Koehnle TJ, Brown A - J. Cell Biol. (1999)

Bottom Line: The average transport rate was estimated to be at least 130 micrometer/h (3.1 mm/d), and approximately 90% of the accumulated neurofilament protein remained in the axon after detergent extraction, suggesting that it was present in a polymerized form.These data suggest that the neurofilament proteins were transported either as assembled polymers or in a nonpolymeric form that assembled locally at the site of accumulation.This study represents the first demonstration of the axonal transport of neurofilament protein in cultured neurons.

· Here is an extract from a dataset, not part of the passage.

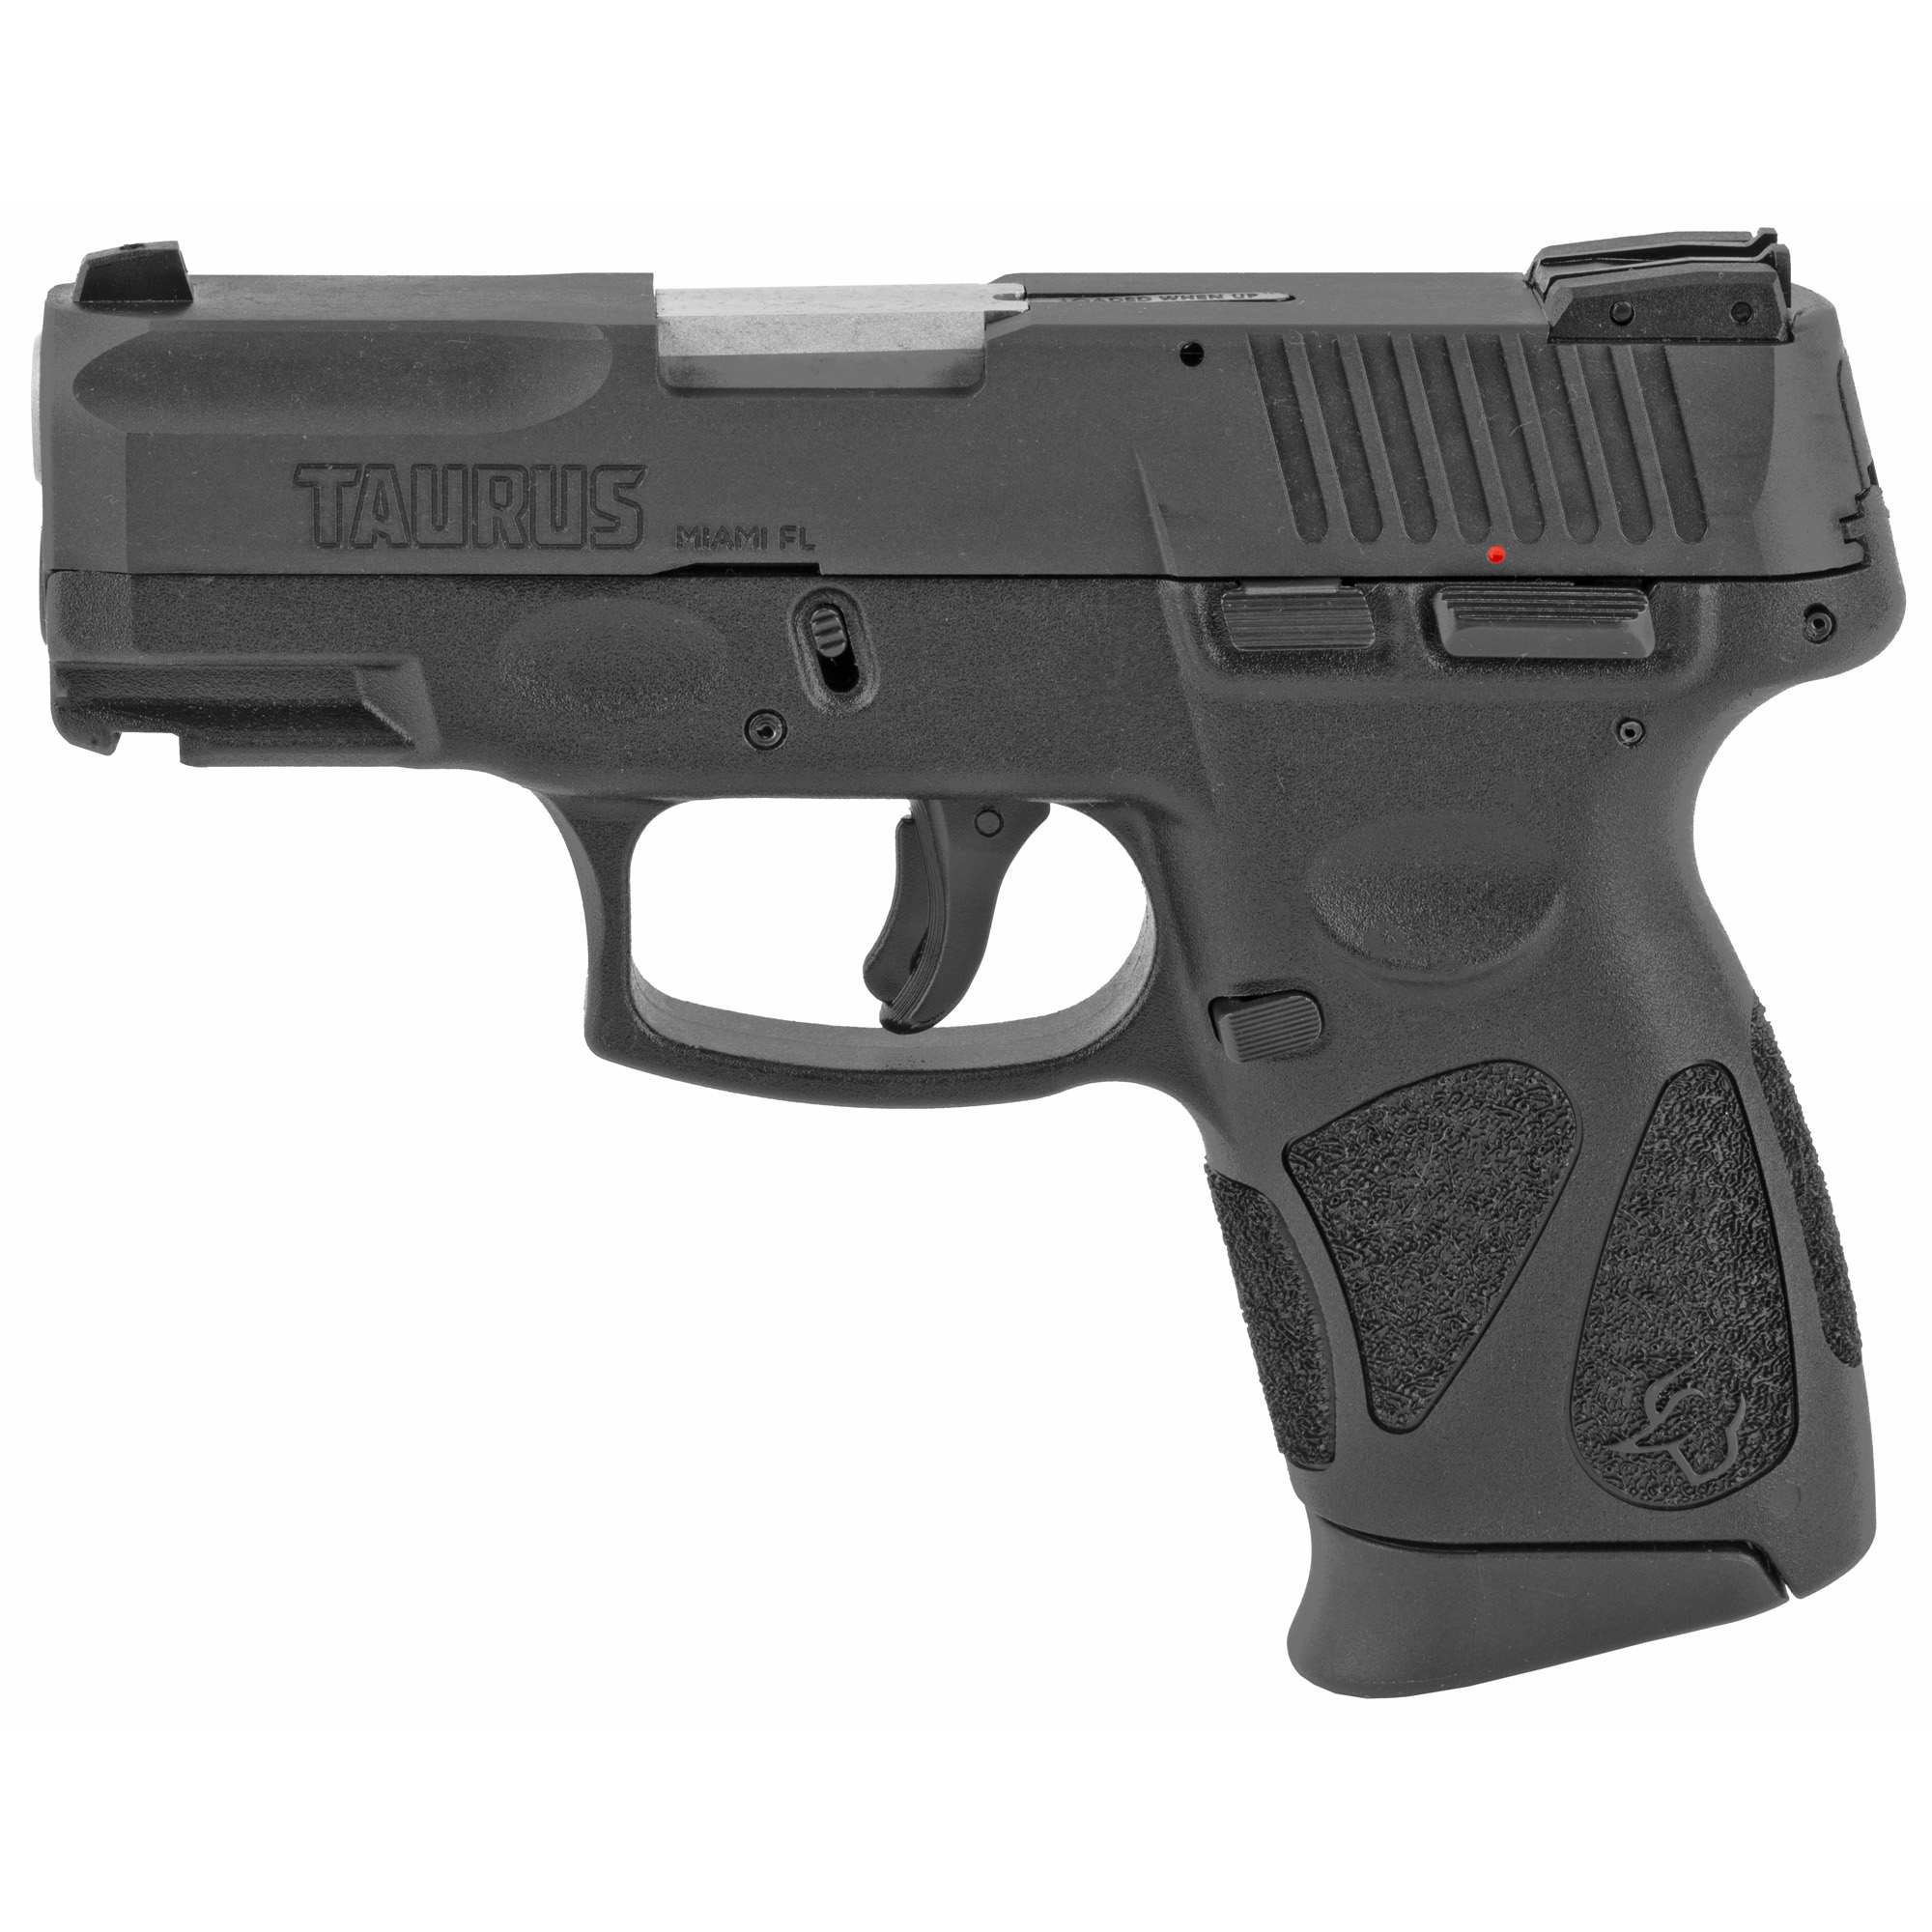 Taurus, G2C, Striker Fired, Semi-automatic, Polymer Frame Pistol, Compact , 9MM, 3.2" Barrel, Matte Finish, Black, Adjustable Sights, Manual Thumb Safety, 12 Rounds, 2 Magazines

View Article: PubMed Central - PubMed

Affiliation: Neuroscience Program, Department of Biological Sciences, Ohio University, Athens, Ohio 45701, USA.

ABSTRACT
We have investigated the axonal transport of neurofilament protein in cultured neurons by constricting single axons with fine glass fibers. We observed a rapid accumulation of anterogradely and retrogradely transported membranous organelles on both sides of the constrictions and a more gradual accumulation of neurofilament protein proximal to the constrictions. Neurofilament protein accumulation was dependent on the presence of metabolic substrates and was blocked by iodoacetate, which is an inhibitor of glycolysis. These data indicate that neurofilament protein moves anterogradely in these axons by a mechanism that is directly or indirectly dependent on nucleoside triphosphates. The average transport rate was estimated to be at least 130 micrometer/h (3.1 mm/d), and approximately 90% of the accumulated neurofilament protein remained in the axon after detergent extraction, suggesting that it was present in a polymerized form. Electron microscopy demonstrated that there were an abnormally large number of neurofilament polymers proximal to the constrictions. These data suggest that the neurofilament proteins were transported either as assembled polymers or in a nonpolymeric form that assembled locally at the site of accumulation. This study represents the first demonstration of the axonal transport of neurofilament protein in cultured neurons.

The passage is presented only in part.